Redeveloping waterways is crucial for reversing Western Pennsylvania’s population decline, Kinkead said at the hearing. Eliminating the tax credit program, she said, “would seem to continue to put a damper on our ability to really utilize the kinds of resources that are uniquely available” in the region.
Job creation questions
Another tax credit the Shapiro administration says is not working focuses on the video game industry.
The program, which is capped at $1 million per year, is simply too small to be effective, Siger told state lawmakers last year.
“To me, there’s no evidence that credit is somehow creating significant growth in the video game industry,” he said.
Of the 19 states that offer incentives to video game companies, Pennsylvania’s program is one of the smallest, according to the Independent Fiscal Office’s review. The credits mostly go to firms that are already established in the commonwealth, the review found, making it unlikely that the program is bringing in new jobs.

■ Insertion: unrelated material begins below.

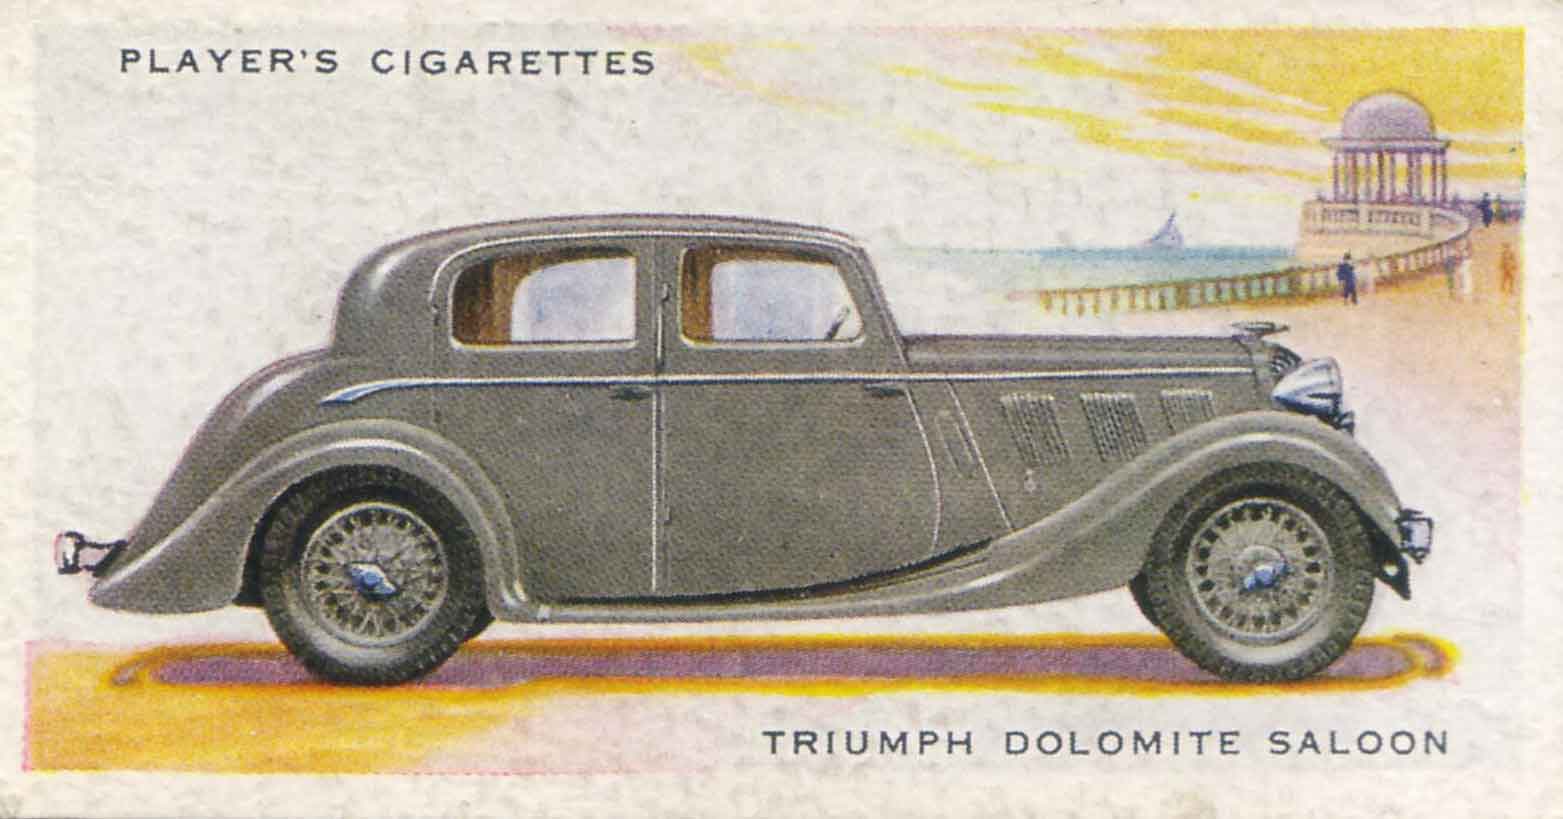 Triumph Dolomite Saloon. 1937 cigarette card.
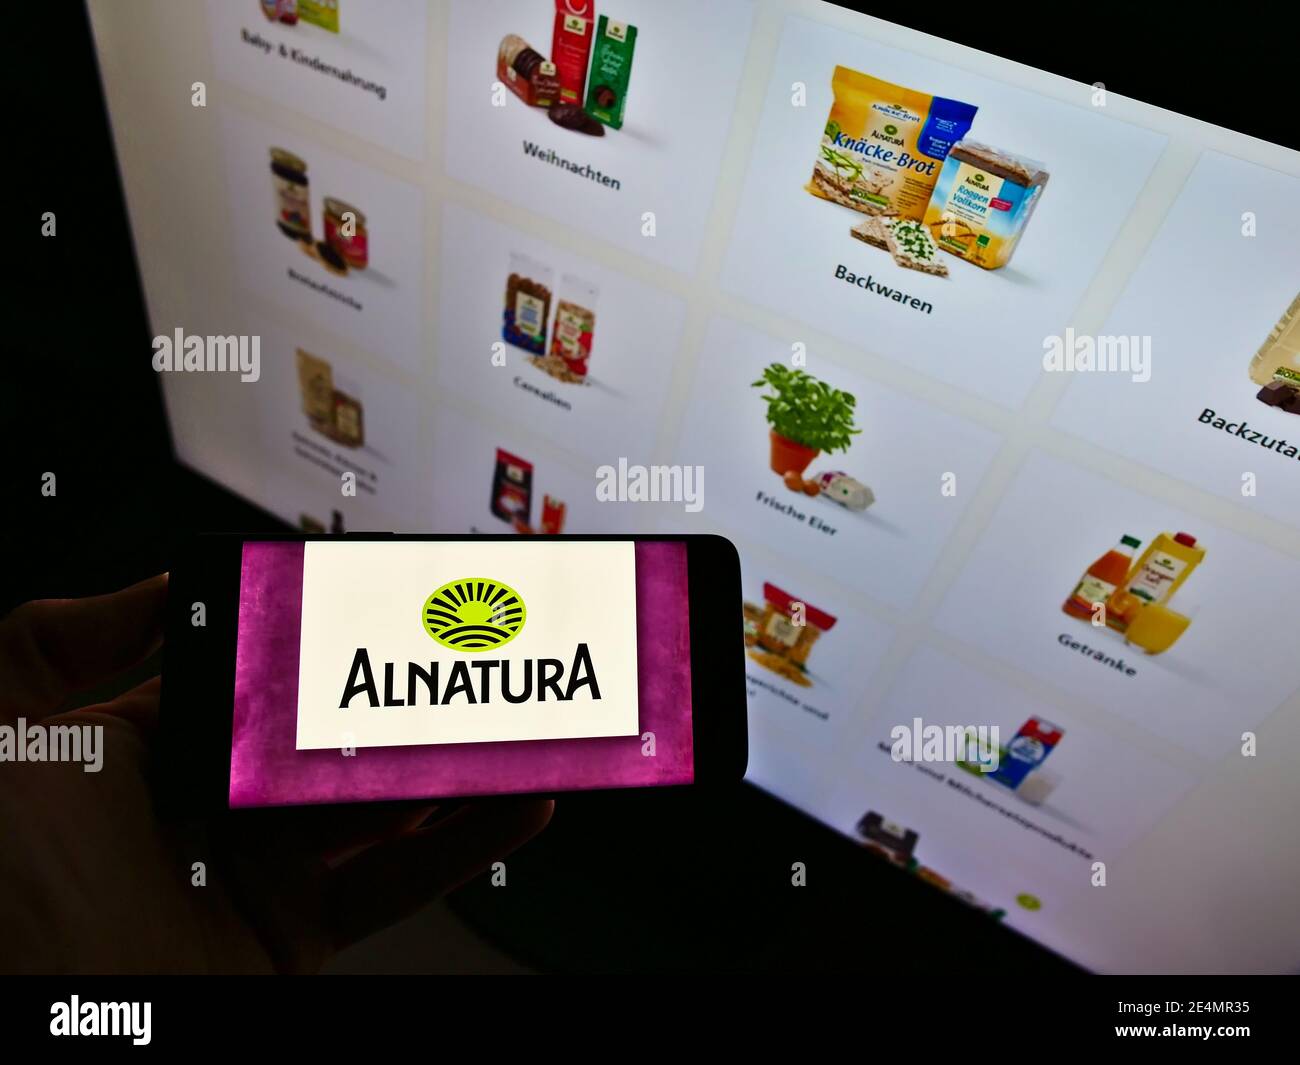 Persona que sostiene el smartphone con el logotipo de la cadena alemana de supermercados de alimentos orgánicos Alnatura Produktions- und Handels GmbH en la pantalla. Enfoque en la pantalla del teléfono. Foto de stock

The video game industry in Pennsylvania is relatively small compared to states like California and New York. But supporters say the tax credit represents a smart long-term investment.
Jake Witherell, chief operating officer of Schell Games, based in Pittsburgh, said the program has allowed the business to take on new projects and steadily grow. The company currently has around 150 employees, mostly in Pennsylvania.
“These are real dollars that are meaningful to a company of our size,” he said.
The third program state officials want to roll back offers $4 million in tax credits per year for companies that add manufacturing jobs — a long-held goal of state officials and lawmakers. To qualify, companies must increase their annual payroll by $1 million and retain the new jobs for at least five years.
The fiscal office concluded, however, that it’s unlikely the program incentivizes job creation, because it is not generous enough. Companies that claim the credit would likely have created those jobs anyway, its review found.
The review recommended changing the tax credit’s rules, converting it to a grant program, or redirecting the funds to another, more efficient, economic development program.
Siger previously told lawmakers the credit was “very complex and therefore not fully subscribed.”
The ultimate fate of the programs will likely hinge on the outcome of state budget negotiations between the Shapiro administration and lawmakers in Harrisburg ahead of the June 30 deadline.